Abstract:Pre-season prediction of crop production outcomes such as grain yields and N losses can provide insights to stakeholders when making decisions. Simulation models can assist in scenario planning, but their use is limited because of data requirements and long run times. Thus, there is a need for more computationally expedient approaches to scale up predictions. We evaluated the potential of five machine learning (ML) algorithms as meta-models for a cropping systems simulator (APSIM) to inform future decision-support tool development. We asked: 1) How well do ML meta-models predict maize yield and N losses using pre-season information? 2) How many data are needed to train ML algorithms to achieve acceptable predictions?; 3) Which input data variables are most important for accurate prediction?; and 4) Do ensembles of ML meta-models improve prediction?
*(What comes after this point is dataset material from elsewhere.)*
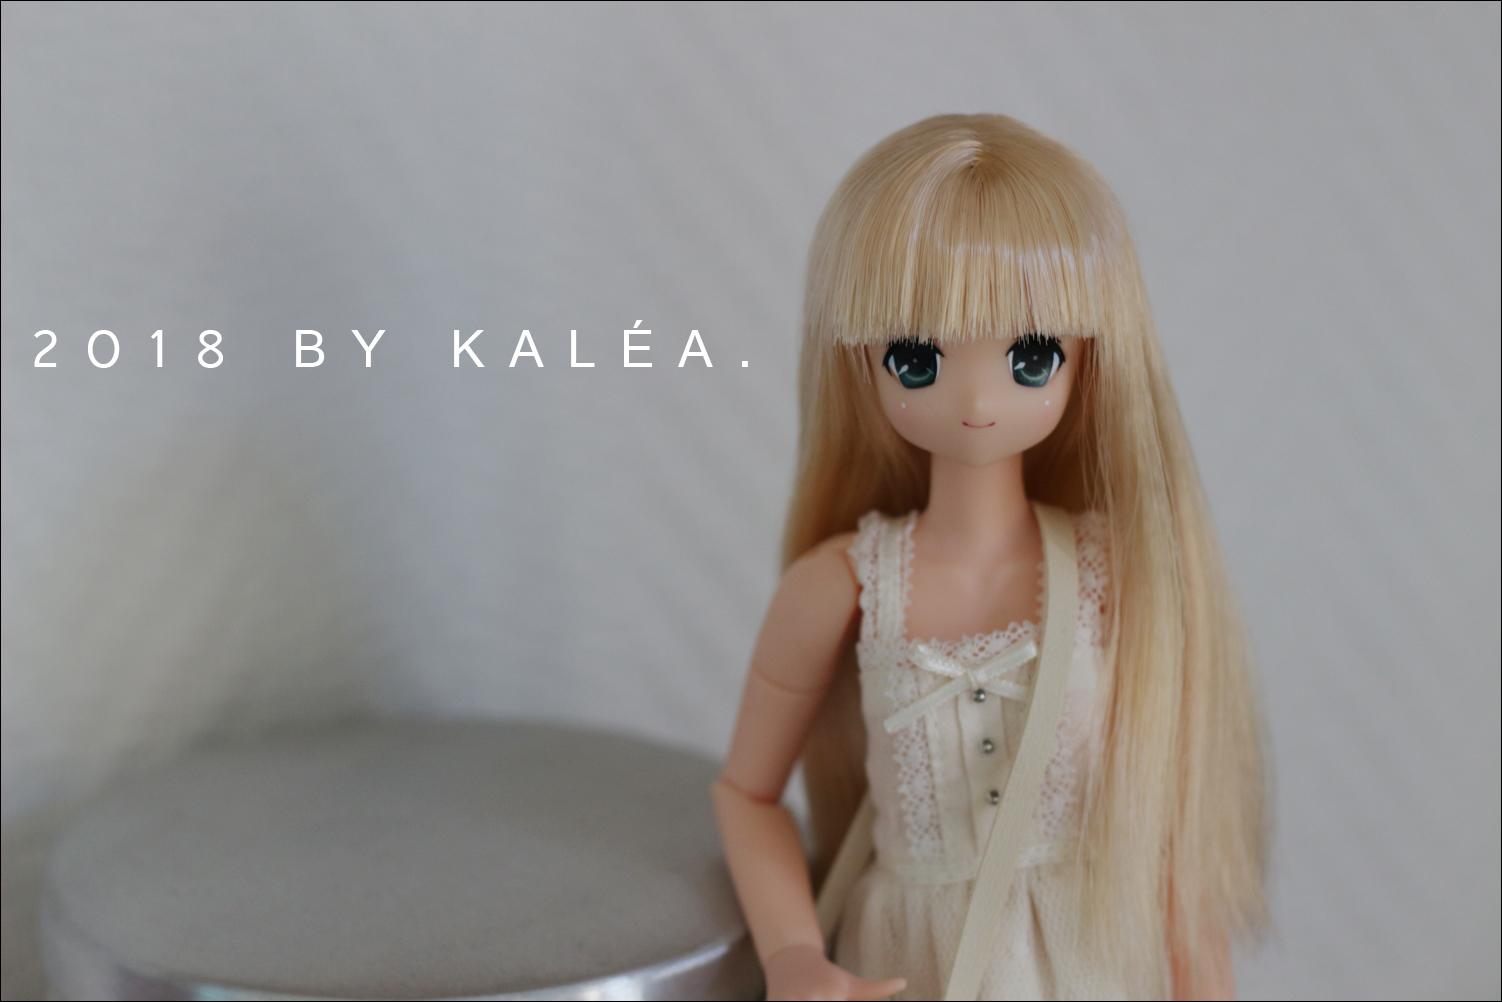 VENDS - Pure neemo, barbie repaint prix baissé - Pullip FC 180717074946918194

The simulated dataset included more than 3 million genotype, environment and management scenarios. Random forests most accurately predicted maize yield and N loss at planting time, with a RRMSE of 14% and 55%, respectively. ML meta-models reasonably reproduced simulated maize yields but not N loss. They also differed in their sensitivities to the size of the training dataset. Across all ML models, yield prediction error decreased by 10-40% as the training dataset increased from 0.5 to 1.8 million data points, whereas N loss prediction error showed no consistent pattern. ML models also differed in their sensitivities to input variables. Averaged across all ML models, weather conditions, soil properties, management information and initial conditions were roughly equally important when predicting yields. Modest prediction improvements resulted from ML ensembles. These results can help accelerate progress in coupling simulation models and ML toward developing dynamic decision support tools for pre-season management.